I will take as long as it takes to re-home George to ensure he goes to the right home. 

I dont want to take him back to a centre purely because no-one understands him the way I do, his little quirks etc, I dont want to drive away and leave him somewhere soleless, and I dont want him to passed on without the new owner knowing exactly what they are getting first hand so it gives him the best chance of finally getting his forever home.

Please contact me if you feel you could be George's forever home.

Please dont anyone be hateful, like you I have sat and thought how mean it is to re-home a rescue etc etc but sometimes you have to do what is right regardless of what people who have never been through the situation think. 

Thanks


----------



## Mrs Cape

Also, I have tried to contact Dachs rescue with a view to re-homing them through them whilst he stays with me but every time I call the number for my sort of area it rings and rings and I have tried at different times on different days so if anyone knows another way of getting in touch with them please let me know.


----------



## rhflan

My concern would be that when you got him from this rescue centre, you probably signed some sort of contract saying that if you couldn't/wouldn't keep him any longer, you would return him to them.


----------



## Mrs Cape

Hi, you would be right to be concerned however the rescue advised that we could return him to them or re-home him ourselves the rescue we got him from was second chance rescue kennels in Derby and anyone is more than welcome to confirm this with them.


----------



## Alfshuman

It could be that the local Rescue contact is on holiday. They are usually pretty good. Not sure where you are based but suggest you try one of the other numbers on the Dachsund Rescue we page and they should be able to help. If you don't get anywhere, pm me. I'll also post a link to your post on the Dachshund Forum as someone there may know someone who is looking. Where do you live? Somewhere in the East Midlands ?


----------



## Mrs Cape

Oh thank you so much! I live in Derby. I had thought about trying another of the numbers but as some are Scotland and down south I didn't know if they would be able to do much. I will give them a try today. I tried to sign up to the Dachshund forum myself but it is still advising that my registration is awaiting approval. Thanks again for your help I appreciate it.


----------



## Sled dog hotel

Dont know if you have explored these, if not maybe worth a try

Almost Home Dachshund Rescue Society HOME

THE DACHSHUND RESCUE

Welcome to The Dachshund Rescue Web Page! | The Dachshund Rescue Web Page

Husker's Hope Dachshund Rescue


----------



## Mrs Cape

Hi, thank you very much for taking the time to help me it is appreciated. I have tried to contact the Dachshund rescue again today but no answer.

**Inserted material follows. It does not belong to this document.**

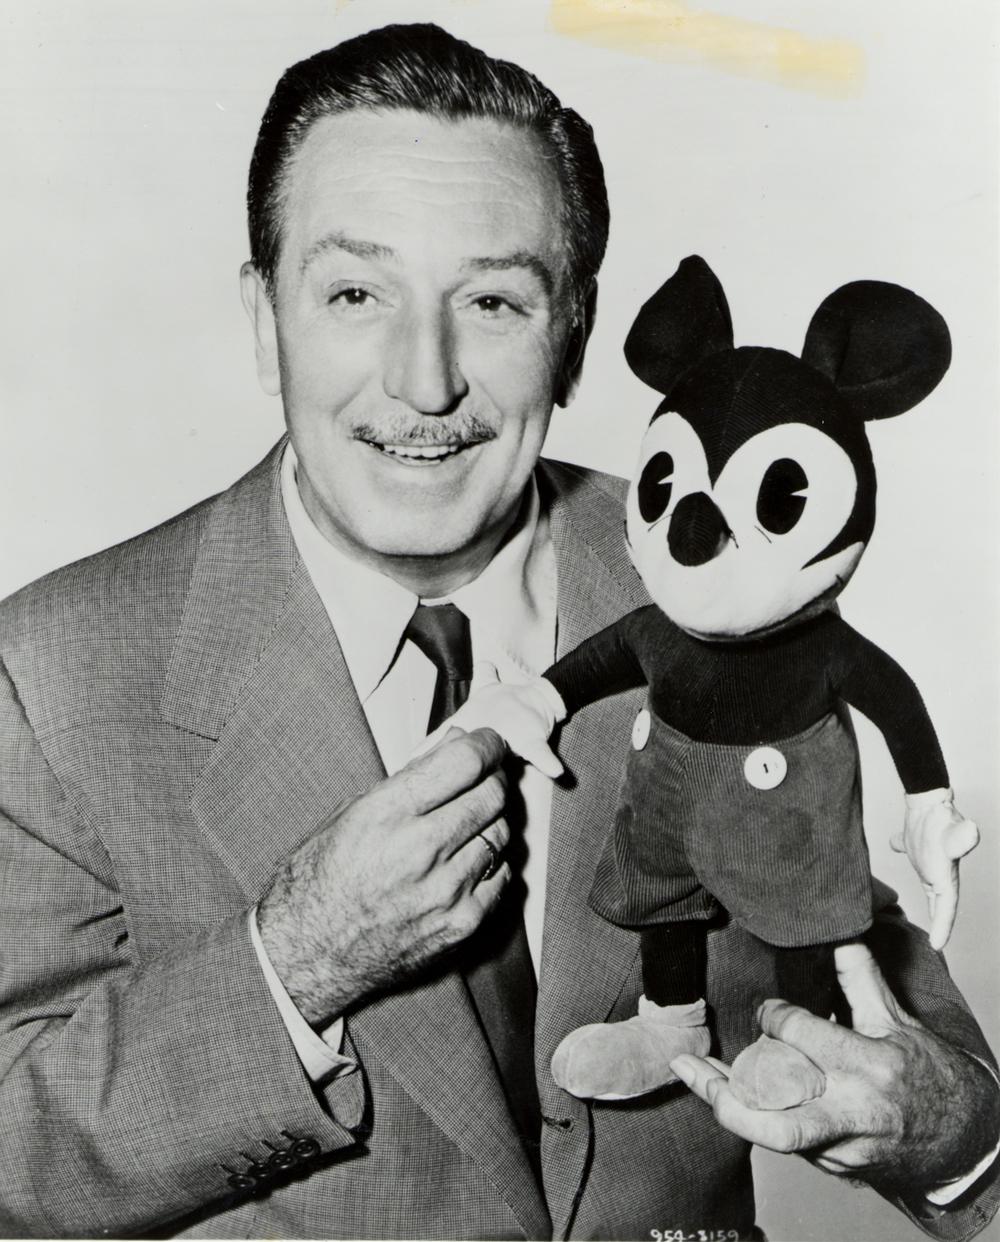 Walt Disney: Not Kanye. Also, not frozen. That's a myth, sorry.

The other sites are all American unfortunately.


----------



## thedogsmother

Hi, I have a very good friend whos mother in law has been looking for a small breed dog for a while now and has asked me to keep my eyes open for one, shes very experienced in dog ownership and I pointed this thread out to her, shes asked me to pass her details on to you but Im not sure how I can do that as I think you need to have more posts for me to send you a private message, and I wouldnt like to put her details online for all to see. You can contact me on facebook and I can send it via there if you have a fb account. Let me know if you can think of a better way to pass on the details. Also do you have any pictures or any more details that I can pass on to her.


----------



## Mrs Cape

Hi, I have put my details on your friend board, I didn't realise we couldn't PM. I would be more than happy to chat with her and depending on where she is and how we feel after our chat arrange a visit for her to meet George. I can post some pics of him later when I get home. He really is so beautiful.


----------



## Mrs Cape

bump :001_tongue:


----------



## jbw54

Hi is george ok with other dogs? also is he a smooth, long or wire

thanks
J


----------



## Strawberryearth

Hi, I was looking at this thread the other day and wondering if it was something I could take on.

How is George at being left alone for periods? I work, as does my partner, but go home at lunch to see to Betty. Betty is very relaxed with this but I am not sure whether I would be able to take on another dog if he struggled to be left.

Also, Betty is still a pup (8.5months) so might be a little rambunctious for him, although she is only small. 

A photo would be grand  I love Dachshunds!


----------



## PennyH

I have a good friend with a springer spaniel who is looking for a dax companion for her and may well be interested. If George is still available, please let me know and I will ask her! (Don't want to get her hopes up in case he has already been rehomed)


----------



## Mrs Cape

Hi everyone, 

In answer to all George has not yet been re-homed yet. The lady I previously spoke with regarding him was so lovely but unfortunately did not have another dog and I know deep down its what George needs. 

George is more than fine being left for long periods however I must advise that he is not fully toilet trained still and would need to be crated if you were going out.

George is very playful but only when it is instigated by another dog, he loves to play with a doggy companion but is not so much interested in human play. He doesn't mind rough play at all and he isn;t aggressive in any way my other dog is just not suitable in play as he is much bigger and heavier and dare I say a clumsy oaf who doesn't always see george.

As previously mentioned George is a dogs dog who seeks their affection more then human affection that's not to say he deosn't enjoy sitting on your knee and being brushed and then dozing off its just that you will always have to instigate that connection. 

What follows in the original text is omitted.